Станиславский присутствовал на генеральных репетициях «Бранда», которых было не менее трех. На третьей генеральной они с Немировичем-Данченко даже сидели рядом и записывали замечания на общей бумаге. Что касается постановочной части, то он был солидарен с Немировичем-Данченко и тоже озабочен тем, как наладить правильное качание лодок в бурю, как сделать бурю настоящей.

{340} Собрав крупицы замечаний Станиславского из разных архивных документов, можно говорить о том, что он не был доволен игрой актеров, но не в смысле трактовки ролей, а в смысле актерской техники. В отдельные моменты Качалов казался ему играющим под Ленского, Грибунин (Пробст) — дающим «опереточную фигуру» [20], Бутова (Мать Бранда) — недоработавшей роль. Одну из участниц народной сцены он учил элементарному навыку, как правильно показать публике свое плачущее лицо. Одну из «актрис», как записал Сулержицкий, он упрекнул в демонстрации состояния без подводящей к нему «гаммы переживаний». Легко догадаться, что это была Германова в роли Агнес и, может быть, именно в тот момент, когда она пыталась «стилизовать» образ, подражая житиям святых или мадонне Рафаэля. Станиславский очень не любил, когда она показывает себя и пренебрегает характерностью.

В целом о «Бранде» Станиславский полагал, что его следовало играть не в стихах, а в прозаическом переводе, потому что «мысль не доходит, и стихи делают из пьесы не то феерию, не то готическую скучную пьесу». Постановка «Бранда» в Художественном театре была первой на русской сцене. Открывая пьесу для зрителей, Немирович-Данченко из двух имеющихся авторских вариантов — в прозе и в стихах — выбрал перевод стихотворного. Поэтический вариант был ближе его мечтам, и задача его постановки сложнее. Немирович-Данченко предпочитал сложные задачи, почетные уже одной смелостью обращения к ним.
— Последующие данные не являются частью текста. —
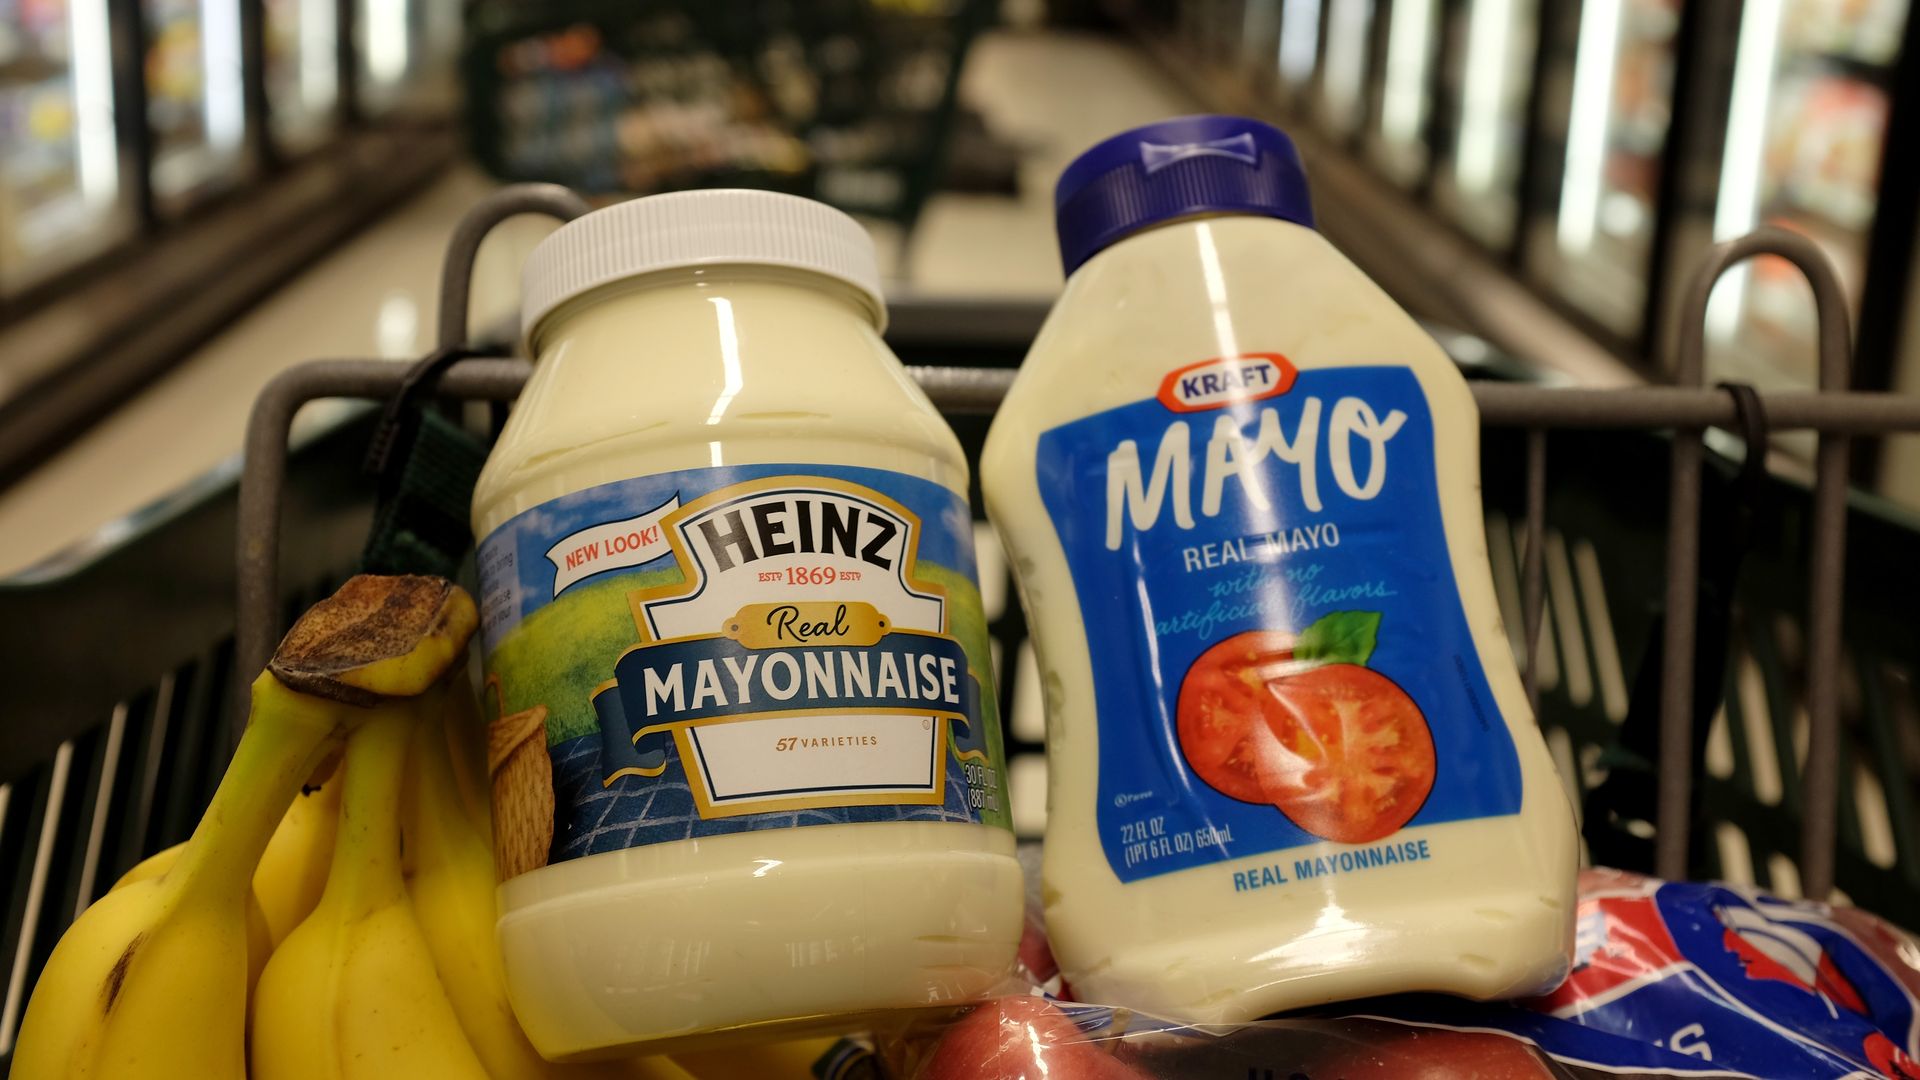 Two jars of mayo in a shopping cart with produce

Премьера «Бранда» 20 декабря 1906 года порадовала Немировича-Данченко «вызовами», «дружными аплодисментами», «потрясением» публики. Он с облегчением записал: «Успех колоссальный, а ввиду трудности пьесы — успех очень большого значения». Окрыленный и уставший, известив одного Лужского, Немирович-Данченко уехал воскресным днем 24 декабря ни мало ни много как в Берлин.

Станиславский, который так и не переставал вести запись его провинностей, отметил новую: «24 — ни слова не сказав никому, Немирович уехал. Это презрение по отношению ко мне как к директору…» Разъяснительное письмо Немировича-Данченко, очевидно, он получил позже этой записи.
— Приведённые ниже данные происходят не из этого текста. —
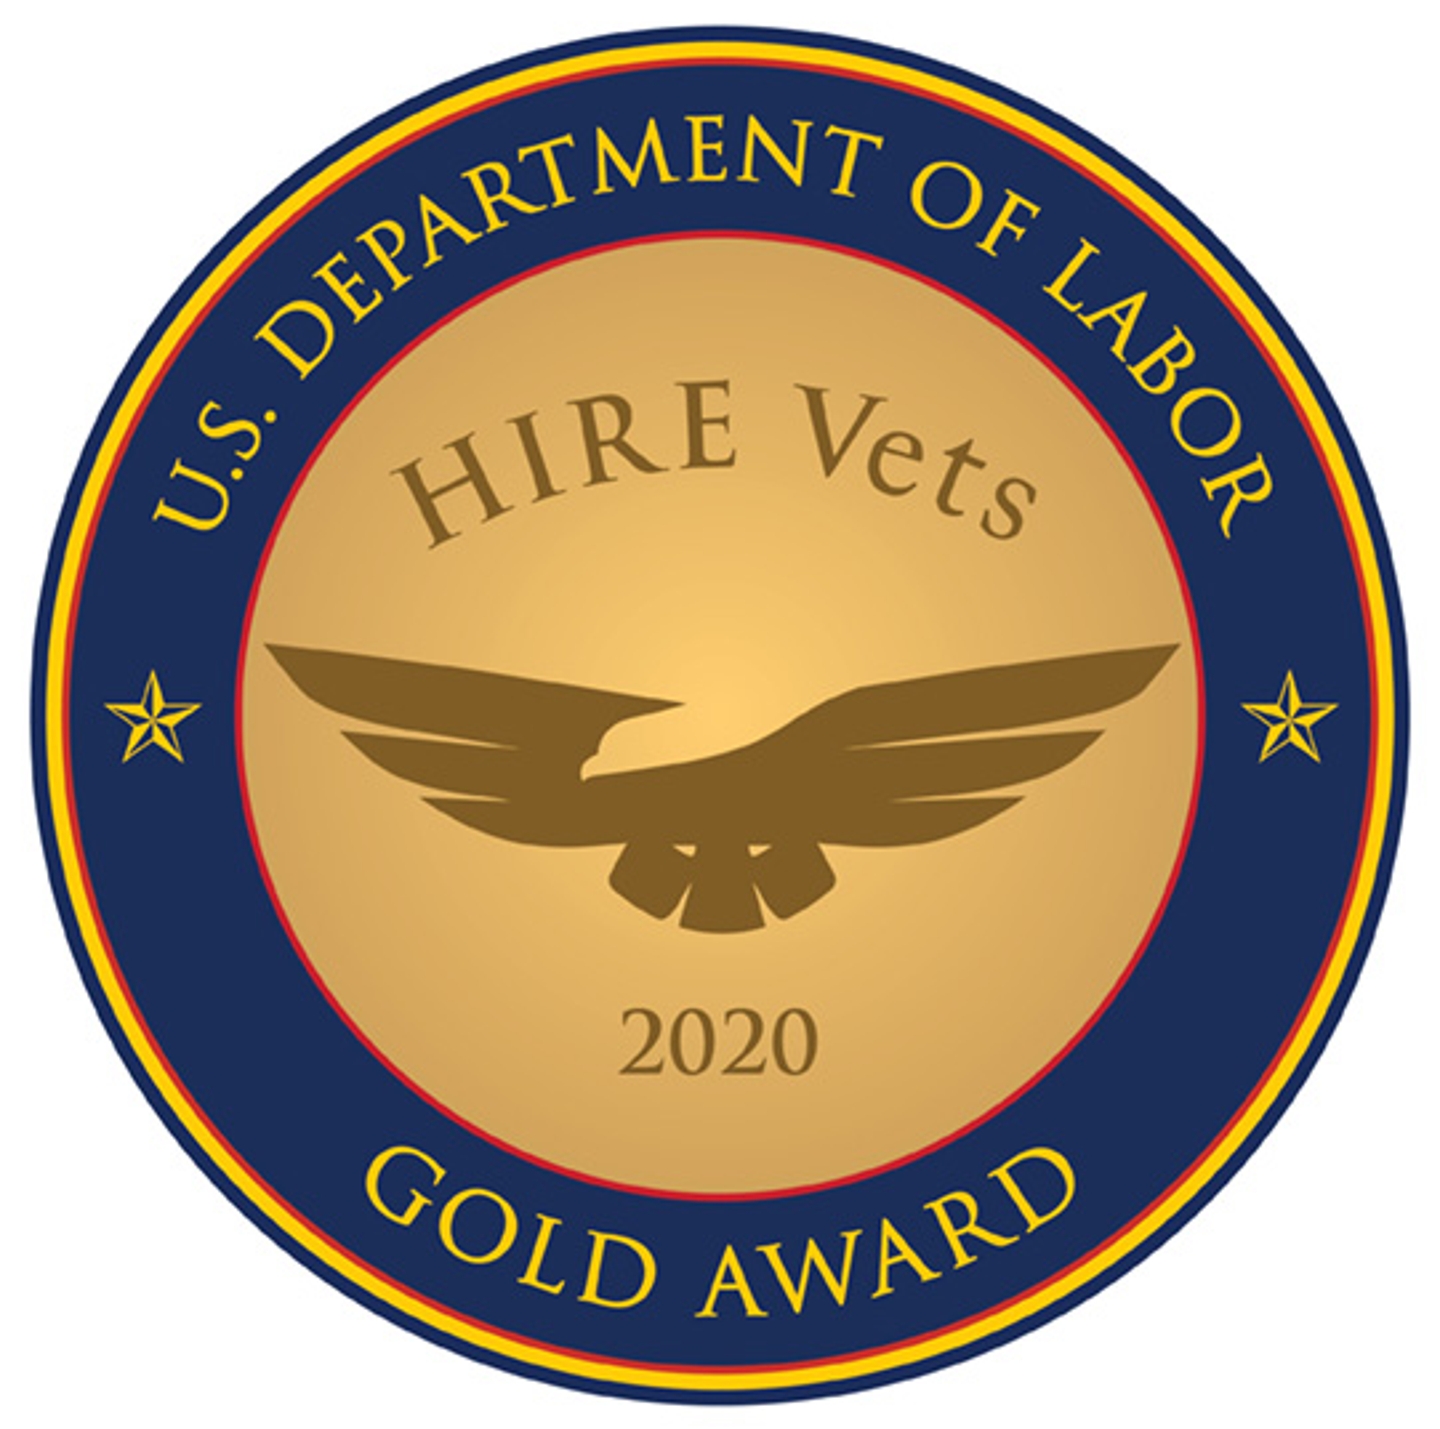 US Department of labor hire vets icon

Взаимное посещение репетиций начинало у них в этом сезоне выходить из обычая, поэтому Немирович-Данченко мог считать свое присутствие в театре, пока Станиславский продолжает работу над «Драмой жизни», необязательным и свой отъезд — свободным. Тем более, что накануне отъезда, 23 декабря, {341} Станиславский успел ему показать проделанную по «Драме жизни» работу.

О впечатлениях Немировича-Данченко от этого просмотра — нигде ни слова. Не мог же он не составить себе мнения! Как по крупицам из разных источников пришлось выяснять мнение Станиславского о «Бранде», так же приходится отыскивать впечатления Немировича-Данченко о «Драме жизни». В конце концов он считал, что пьеса поставлена в корне неправильно. Об этом он говорил в 1936 году, беседуя с артистами и режиссерами МХАТ. Он сказал так: «Спектакль “Драма жизни” строился на искании новой формы. Кнут Гамсун стремился к натурализму. И вдруг из его пьесы сделали символическую постановку. Но какие-то результаты для искусства театр получил» [21].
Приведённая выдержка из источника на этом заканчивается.